The outer shield protects the inner conductor from outside electrical signals. Optical Fibre Optical Fibre consists of thin glass fibres that can carry information at frequencies in the visible light spectrum and beyond. The typical optical fibre consists of a very narrow strand of glass called the Core. Around the Core is a concentric layer of glass called the Cladding. Coating the cladding is a protective coating consisting of plastic, it is called the Jacket.

Unguided Transmission Media is data signals that flow through the air. They are
not guided or bound to a channel to follow.

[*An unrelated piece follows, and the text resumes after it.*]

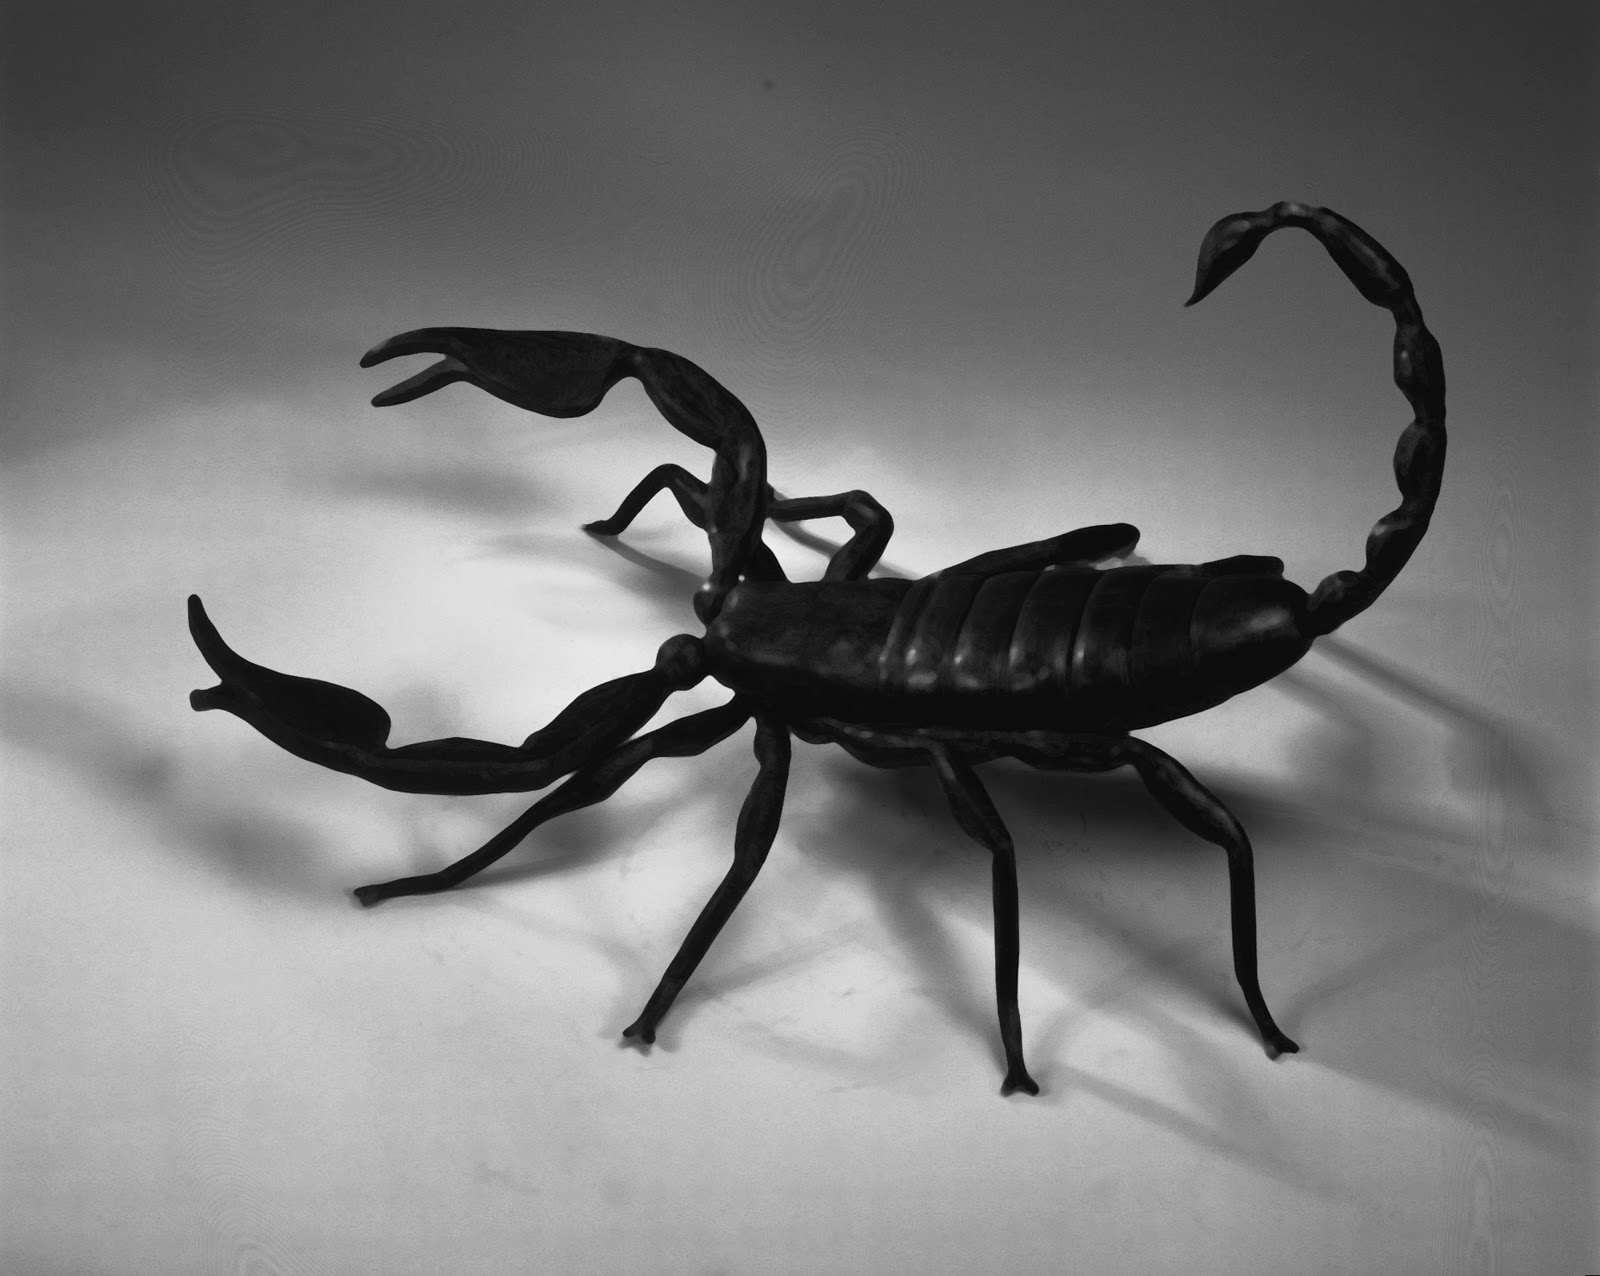 Scorpion Wallpaper

They are classified by the type of wave propagation.

RF Propagation
There are 3 types of RF (Radio Frequency) Propagation: 1. Ground Wave, 2. Ionosphere and 3. Line of Sight (LOS) Propagation. Ground Wave Propagation follows the curvature of the Earth. Ground Waves have carrier frequencies up to 2 MHz. AM radio is an example of Ground Wave Propagation. Ionospheric Propagation bounces off of the Earths Ionospheric Layer in the upper atmosphere. It is sometimes called Double Hop Propagation. Because it depends on the Earth's ionosphere, it changes with weather and time of day. The signal bounces off of the ionosphere and back to earth. Line of Sight Propagation transmits exactly in the line of sight. The receive station must be in the view of the transmit station. It is sometimes called Space Waves or Tropospheric Propagation. It is limited by the curvature of the Earth for ground based stations . Reflected waves can cause problems. Examples of Line of Sight Propagation are: FM Radio, Microwave and Satellite.

Radio Frequencies
Radio Frequencies are in the range of 300 kHz to 10 GHz. We are seeing an emerging technology called wireless LANs. Some use radio frequencies to connect the workstations together, some use infrared technology.

Microwave
Microwave transmission is line of sight transmission. The Transmit station must be in visible contact with the receive station. This sets a limit on the distance between stations depending on the local geography.

Satellite
Satellites are transponders that are set in a geostationary orbit directly over the equator. A transponder is a unit that receives on one frequency and retransmits on another.